AK: I didn’t use the word “holistic” which, to me, brings to mind a kind of northern California reading of history—smooth jazz, deep tissue massages and groovy endings for everyone. No, history isn’t a holistic process—certainly in terms of how economic and political power is distributed. Take, for example, the history of industrial revolution which, even in the best case scenarios of 19th-century Britain or America, resulted in violent labor unrest, political class conflict and cultural chaos. While in Germany and Russia, of course, it led to the totalitarian catastrophes of Fascism and Communism. So I think George Soros may, indeed, be correct. There will probably be some sort of major crisis—a Chernobyl-sized data hack, for example, or an online war between states that turns hot—that will symbolize the dawn of our digital century.
Soros is certainly correct to suggest that, in the long run at least, Facebook’s days are numbered. As I argue in the book, history teaches us that products that are profoundly exploitative of its users—whether they are rampantly addictive foods or unsafe cars—never last. And the kind of surveillance capitalism that is inherent in Facebook’s business model certainly isn’t viable in the long term. And that’s where your point about time is so interesting. As Alvin Toffler predicted in Future Shock, today’s electronic society is characterized by “too much change in too short a period of time.” I suspect we are on the brink of an even more violent change that shook Europe in the late 19th and early 20th centuries—its tremors today manifested by the globalist/localist cleavages tearing apart every postindustrial society. These changes will be anything but smooth. But sometimes you need a good crisis to arrive at good solutions.
“The Facebook and Google ‘surveillance capitalist’ business model of transforming the consumer into the product isn’t viable in the long run.”
NC: So, the positive spin is that the debacle of surveillance capitalism may force Americans to appreciate their own privacy and need for collective action? As you note, Europe had to endure totalitarian horrors to appreciate the importance of privacy; Singapore had to endure prolonged poverty to see the importance of investing in their population.
AK: What you call a “positive spin” about America might, I’m afraid, be wishful thinking—perhaps even a kind of parochial utopianism. In writing HTFTF, I flew over 250,000 miles around the world, visiting countries as far apart as Estonia, India, Russia, Singapore and Germany. What I found is that the Internet is, in a mostly good way, becoming the “splinternet”—a series of networks conforming to local interests and cultures. That, of course, doesn’t justify what’s going on in Russia or China—but it does point to the vitality of the next wave of innovation in which local innovators and regulators are fighting back against Silicon Valley monopolists. So my goal was to write a genuinely global book—and not just Silicon Valley’s spin on globalism, with its convenient representation of the world as a uniform hinterland for American technologies and ideas.

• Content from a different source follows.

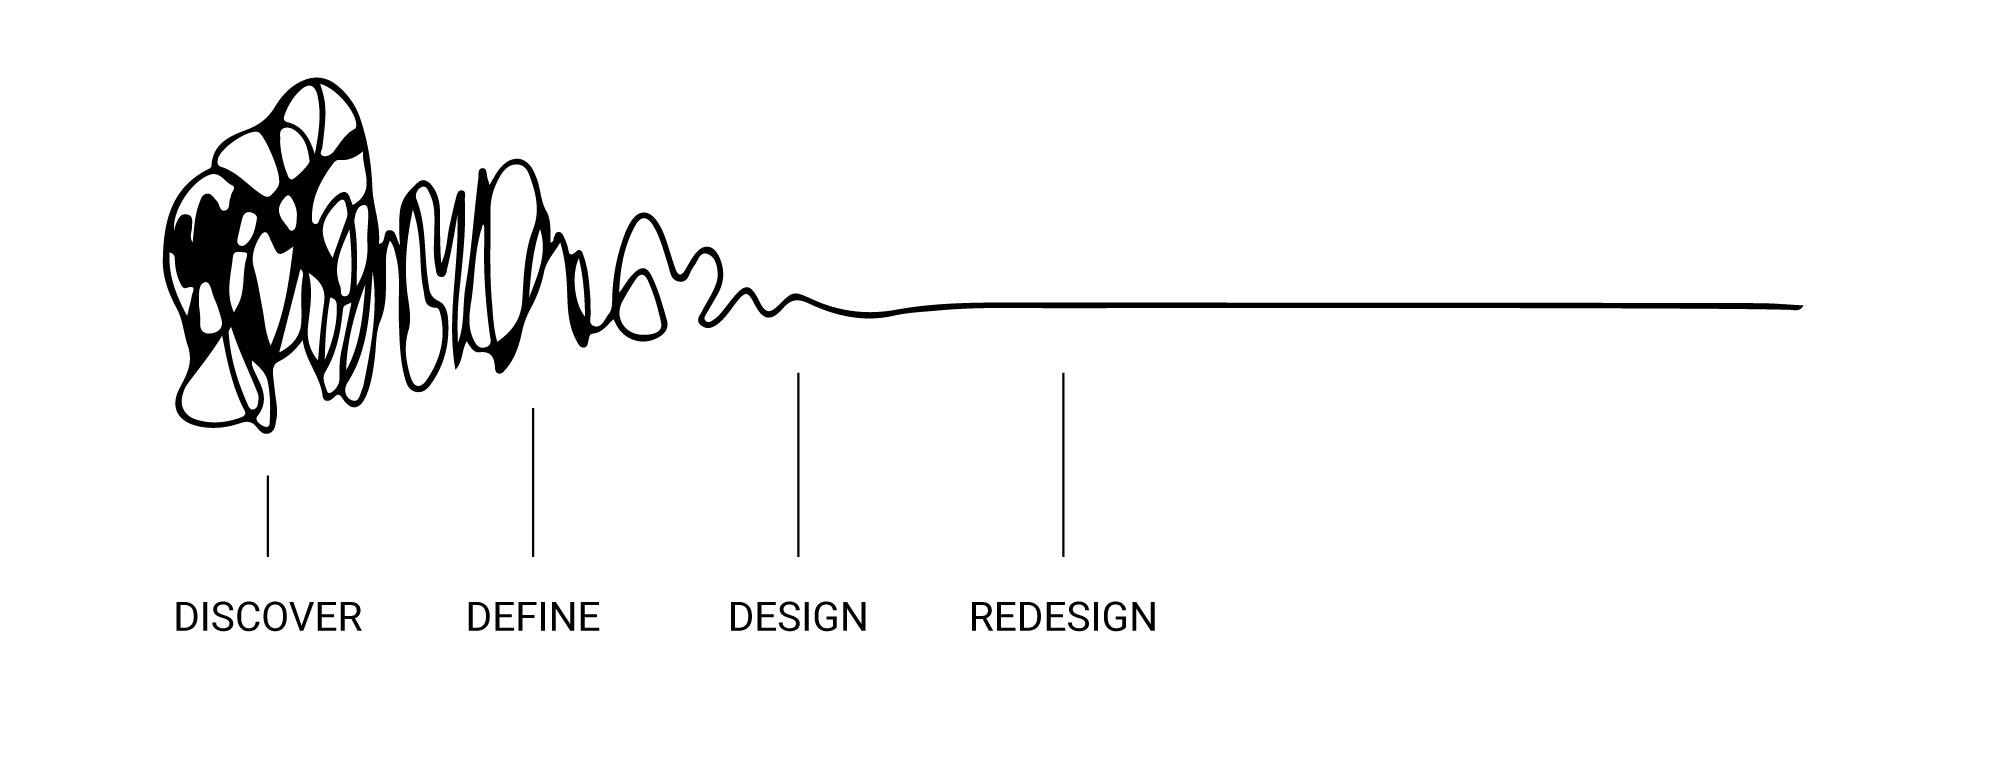 my_design-squiggle.jpg

What I describe in my narrative are a series of innovative regulatory experiments about digital democracy and identity in these countries. I report, for example, on a new social contract between government and individuals in Estonia built around a two-way data transparency. In Singapore, I describe the thinking behind the government’s “smart nation” initiative. In the EU, I report on the efforts of regulators to protect individual privacy through innovative new legislation like the General Data Protection Regulation (GDPR). In India, I report on the government’s efforts to create a digital national ID card that, for the first time in history, empowers its poorest citizens with verifiable identity. In Germany, I report on a series of digital startups explicitly designed to create Internet products that respect the users’ right to privacy. So from becoming a leader in digital innovation, America is increasingly becoming a follower, imitating—particularly at the local level—the pioneering reforms of true innovators like Estonia and Singapore.

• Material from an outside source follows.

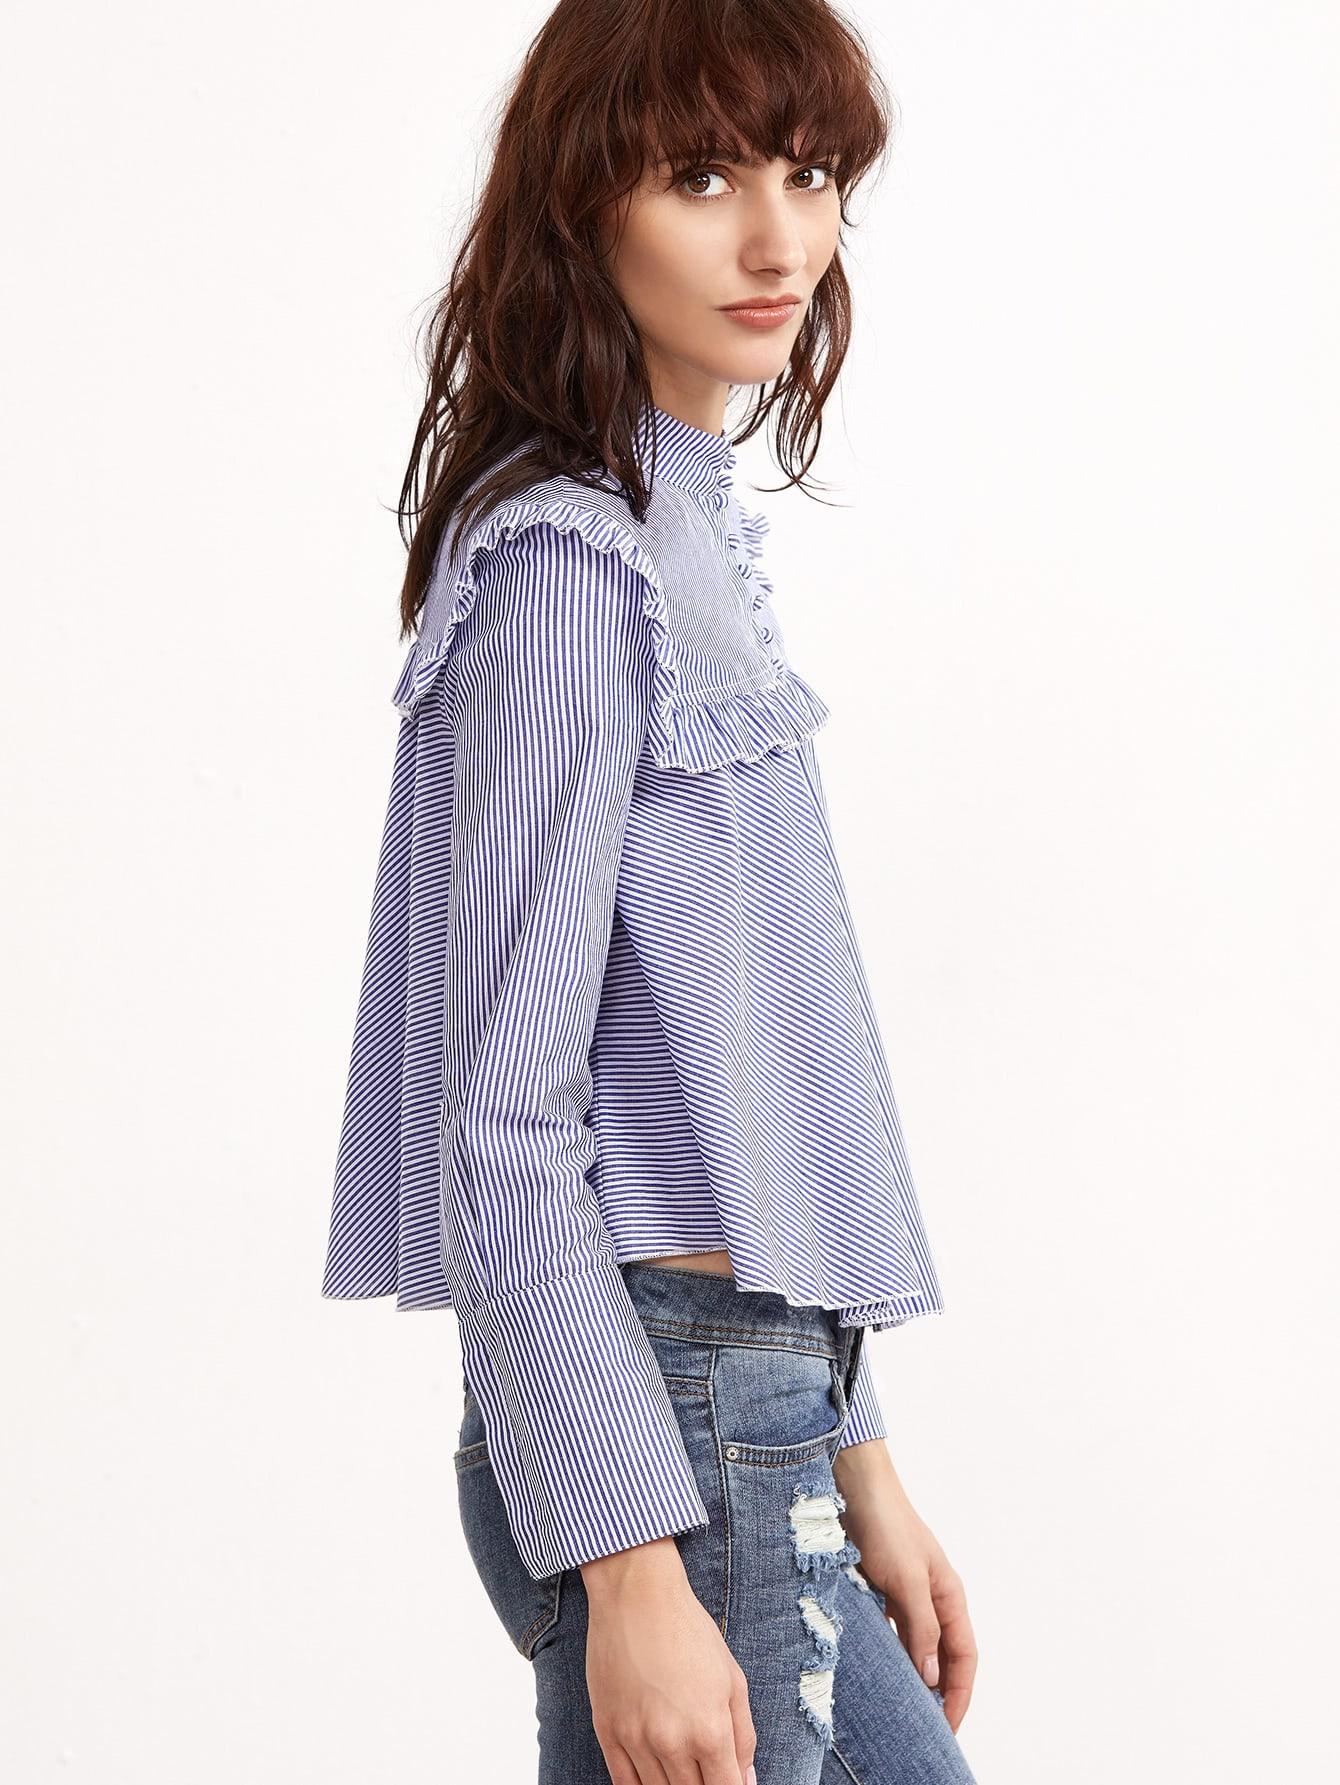 blouse161202711_2

NC: The car industry is really the analogy here: Once US dominated, but vastly improved by the US being brought down a peg and forced to learn from and copy Japanese and European manufactures. Funny, because Silicon Valley leaders hold Detroit in particular contempt and see themselves as the exact opposite: vigilant, smart, hyper-competitive. Reid Hoffman writes in The Startup of You: “The overriding problem was this: The auto industry got too comfortable. … Instead of rewarding the best people in the organization and firing the worst, they promoted on the basis of longevity and nepotism.”
AK: Yes, the history of car industry offers a stark warning to Silicon Valley. In the 1950s, the US car manufacturers dominated the global market, but today—with the possible exception of Tesla—it is lagging behind most European and Japanese car manufacturers. Reid Hoffman, though, is wrong in his critique of Detroit. Rather than being “too comfortable,” the US car industry declined because of its failure to design products that prioritized the safety and comfort of the consumer. So, by the 1960s, as Ralph Nader underlined in his 1965 bestseller, Unsafe at Any Speed, the American car industry had become infatuated with design and was producing cars which were, in fact, deathtraps. The same is true today in Silicon Valley. The Facebook and Google “surveillance capitalist” business model of transforming the consumer into the product isn’t viable in the long run. Just as we don’t want to drive cars that are unsafe, we don’t want to be watched in everything we do. In this lesson, Silicon Valley might learn from Jeff Bezos’s Amazon—with its unrelenting focus on customer satisfaction.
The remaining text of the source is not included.